Cielo Senza Terra regia di Giovanni Davide Maderna

Documentario
recensione di Alessio Colangelo

Un giovane padre e suo figlio Eugenio di otto anni camminano su una montagna. Il loro percorso, le notti in tenda, la vita all’aria aperta diventano occasioni per riflettere e dialogare.

Davide Maderna è un regista sperimentatore, e lo si vede nel suo film-documentario Cielo senza terra (2010) dove riprende se stesso e suo figlio di otto anni durante una passeggiata in montagna: condividono il cammino, dormono in tenda, si lavano nel torrente gelato e parlano di famiglia, d’amore, d’infanzia, di religione, di rapporto città e natura in uno scambio di idee e di arricchimento reciproco. I numerosi interrogativi che affollano la mente del piccolo Eugenio trovano subito la risposta sincera del padre che non elude le domande più difficili. Girato con il contributo della filmaker Sara Pozzoli, questo viaggio tra i sentieri e le pianure, che segna il passaggio dalla giovinezza verso l’età adulta, ha come sfondo la montagna del Parco della Grigna settentrionale del quale sono offerti molti scorci paesaggistici di grande impatto visivo:

Dice lo stesso regista:

“Abito in Valsassina da qualche anno, quindi i sentieri li conosco. Mi attraeva che la montagna fosse la Grigna perché è la montagna dei milanesi. Non cercavo l'esotico. E tanto meno la performance alpinistica! Volevo piuttosto mostrare che si può entrare in una dimensione diversa e trovare un contatto intenso con la natura, sentirsi parte di essa e di conseguenza ridimensionare la propria importanza, anche rimanendo a pochi chilometri da casa. Volendo lo si può fare anche rimanendo a casa, ma la natura ci aiuta molto, e poi è straordinariamente piacevole, perché parla direttamente al corpo, ai sensi... Ad ogni passo su un sentiero si impara, o forse sarebbe meglio dire si “percepisce” qualcosa. Qualcosa su altri esseri viventi, animali o vegetali, qualcosa su noi stessi.”     

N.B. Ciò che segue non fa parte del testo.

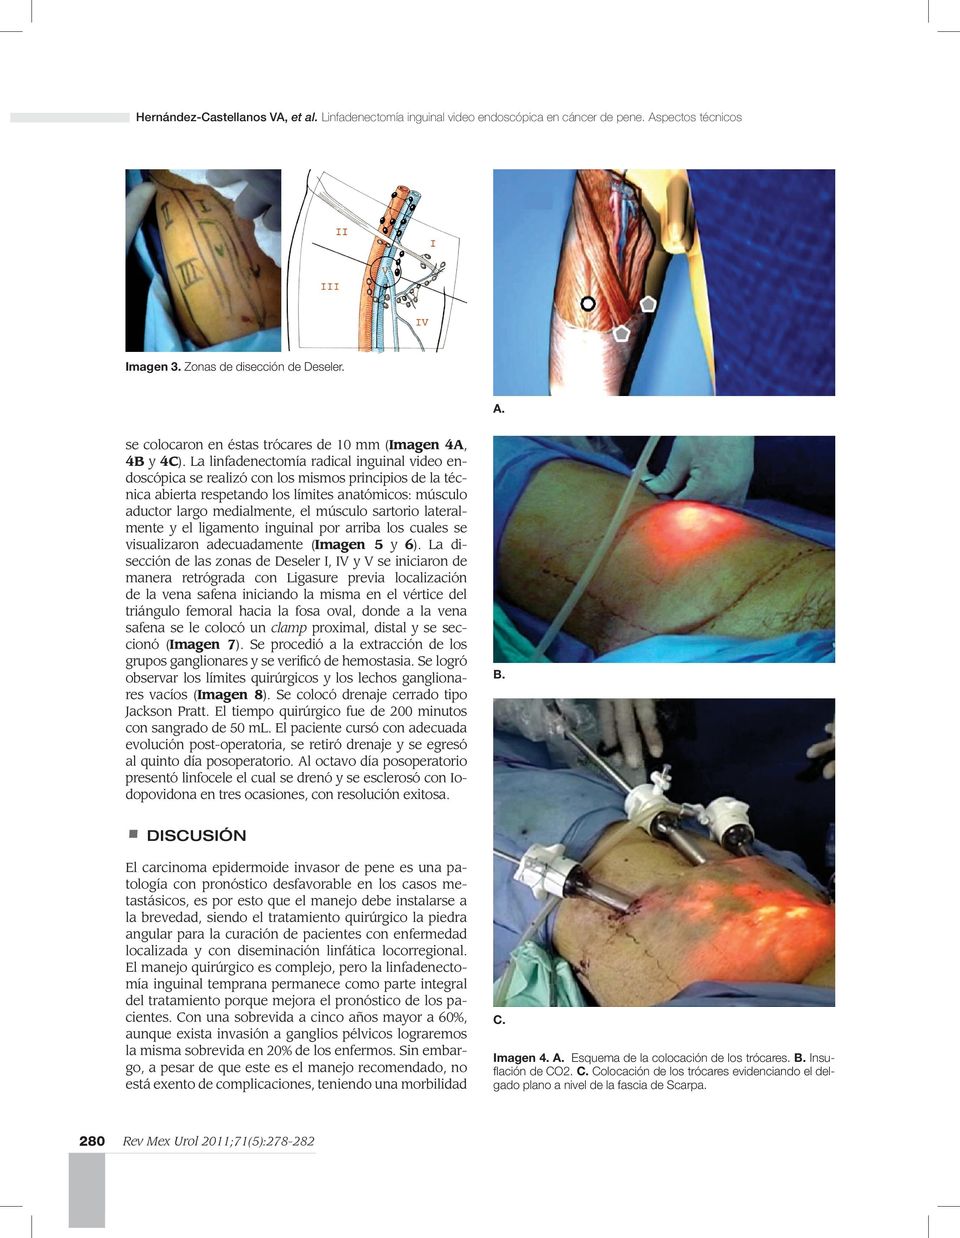 sartorio lateralmente y el ligamento inguinal por arriba los cuales se visualizaron adecuadamente (Imagen 5 y 6).

È una passeggiata in montagna, talvolta faticosa, caratterizzata da lunghissimi piani-sequenza, tutti girati con la camera a mano. Una natura incontaminata che viene però anche confrontata con lo scenario cittadino quando, mentre i due protagonisti osservano dall’alto delle montagne silenziose le lontane luci di Milano, con uno stacco netto, la telecamera ci porta in mezzo allo sciopero della fabbrica Innse di Via Rubattino.  Il caos nella città si contrappone alla pace che suggerisce la natura, consentendo una pausa di riflessione e una riscoperta profonda del proprio essere.

Mentre il cammino prosegue, tra incontri e scoperte possibili in una natura sempre più presente, padre e figlio si mettono in relazione con altre vicende che sembrano affiorare dal passato o riportarli repentinamente alla realtà quotidiana della città, laggiù in fondo alla pianura: l’occupazione di una fabbrica a Milano ed il racconto delle (dis)avventure di un produttore musicale negli anni settanta. Un gioco di rimandi e di allusioni che parla ai bambini che eravamo, agli adulti che siamo, in un intreccio di storia individuale e storia collettiva. Salire sempre più in alto, spaziare con lo sguardo sempre più lontano, è un modo di allontanarsi o avvicinarsi al mondo? 

Maderna avvicina l’uomo alla realtà naturale che non è solo luogo di godimento della bellezza selvaggia, ma anche spazio che favorisce un cammino di crescita personale nell’indipendenza di pensiero e nella consapevolezza critica di ciò che ci circonda.